▸ SOURCE MATERIAL:
━━━

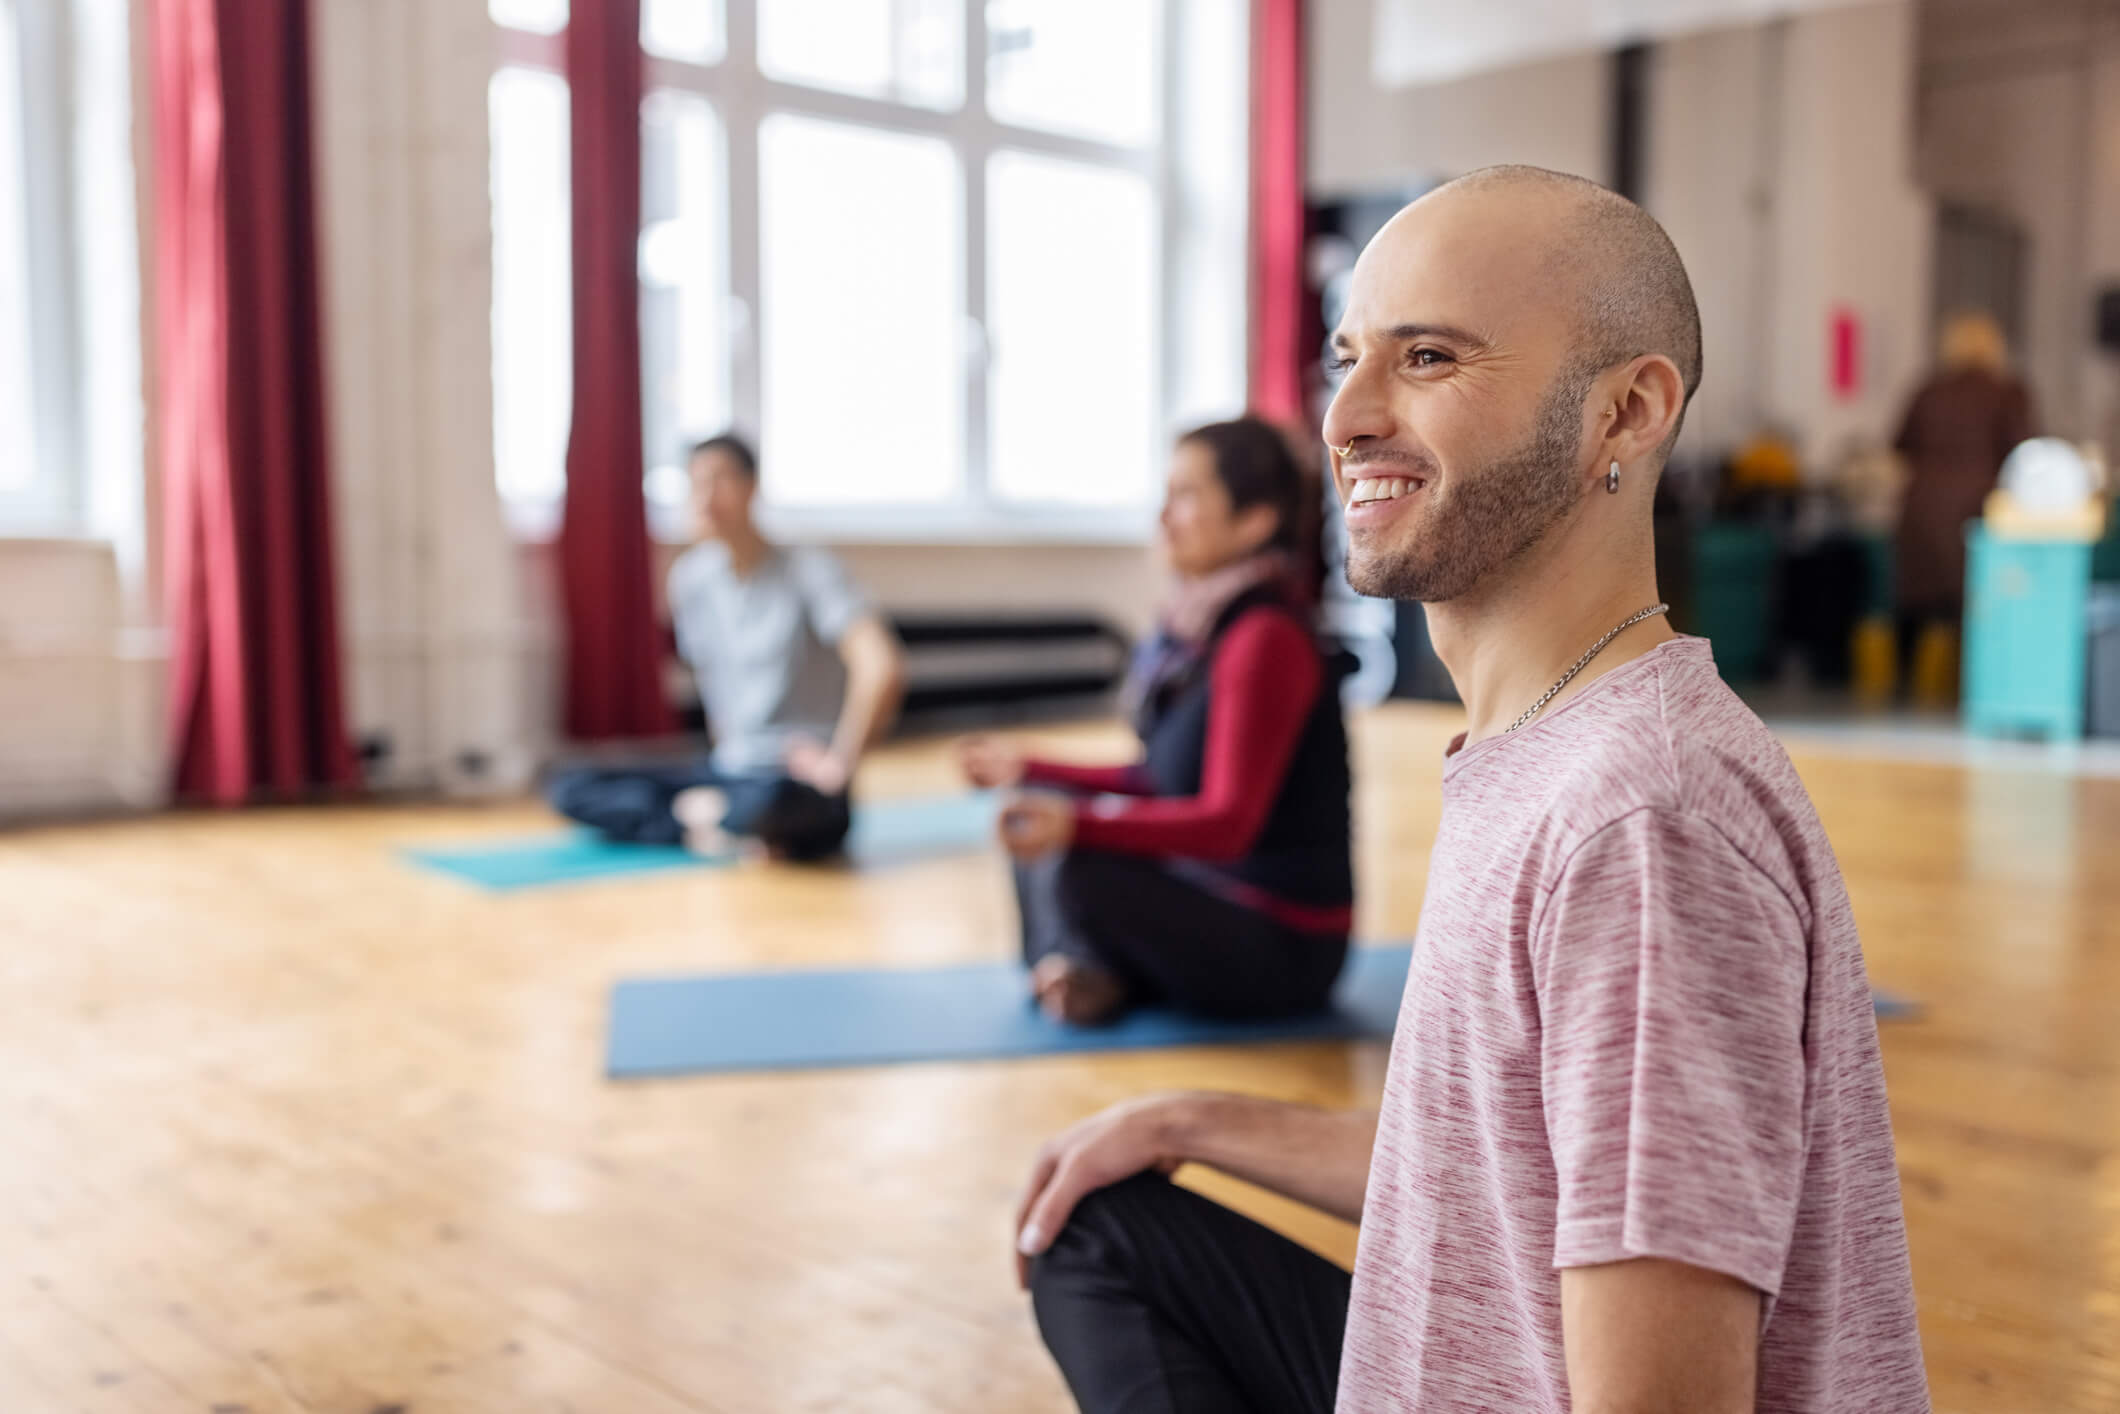 A man is sitting on a yoga mat in a class of other students sitting on yoga mats; he is looking to the side and smiling.
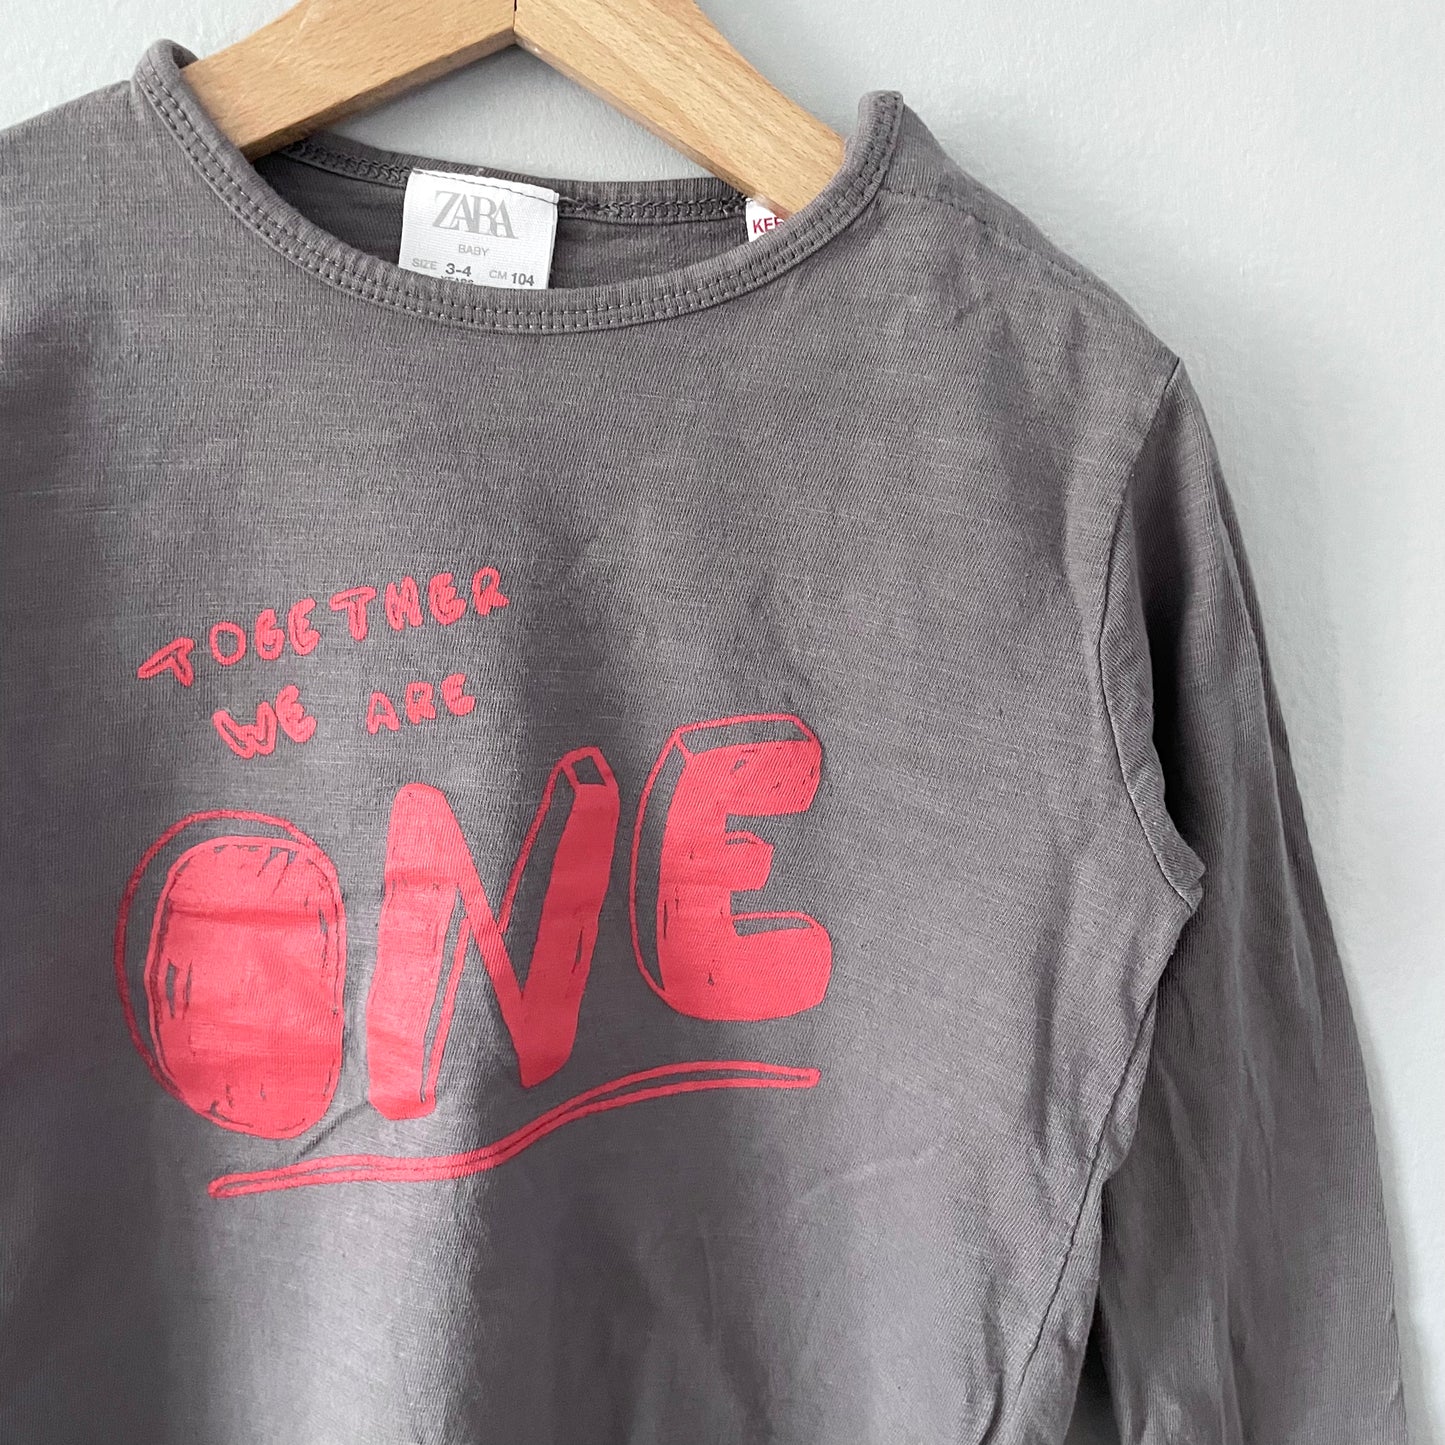 Zara / Together we are one T-shirt / 3-4Y
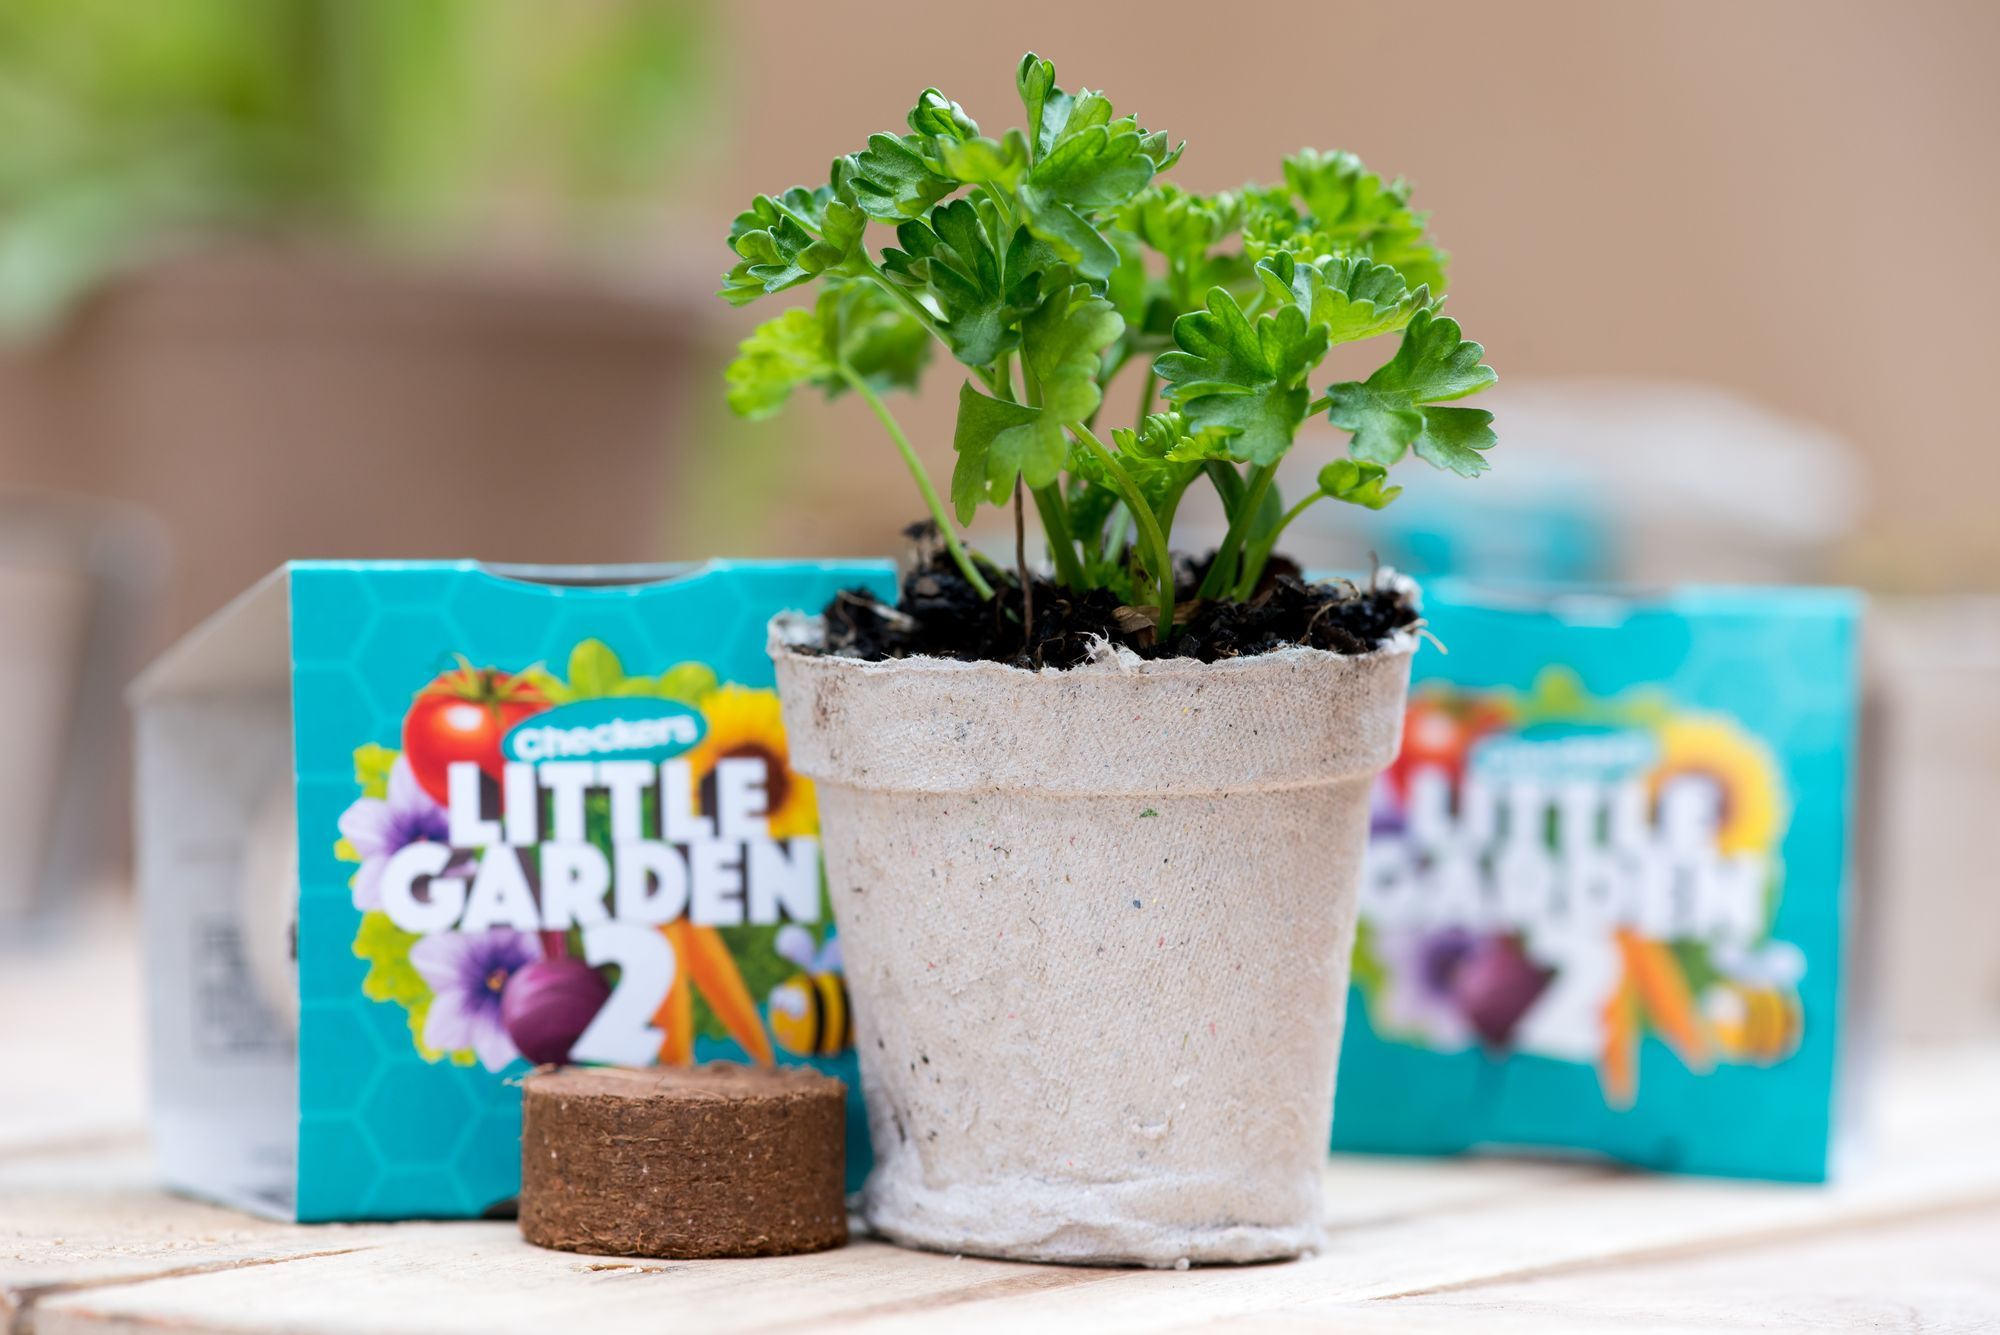 Little Garden is back at Checkers

━━━

▸ TASK TO CARRY OUT:
Could you give back the full listing word for word, leaving out the images?

▸ WRITTEN ANSWER:
 A man is sitting on a yoga mat in a class of other students sitting on yoga mats; he is looking to the side and smiling.
 Zara / Together we are one T-shirt / 3-4Y
 Little Garden is back at Checkers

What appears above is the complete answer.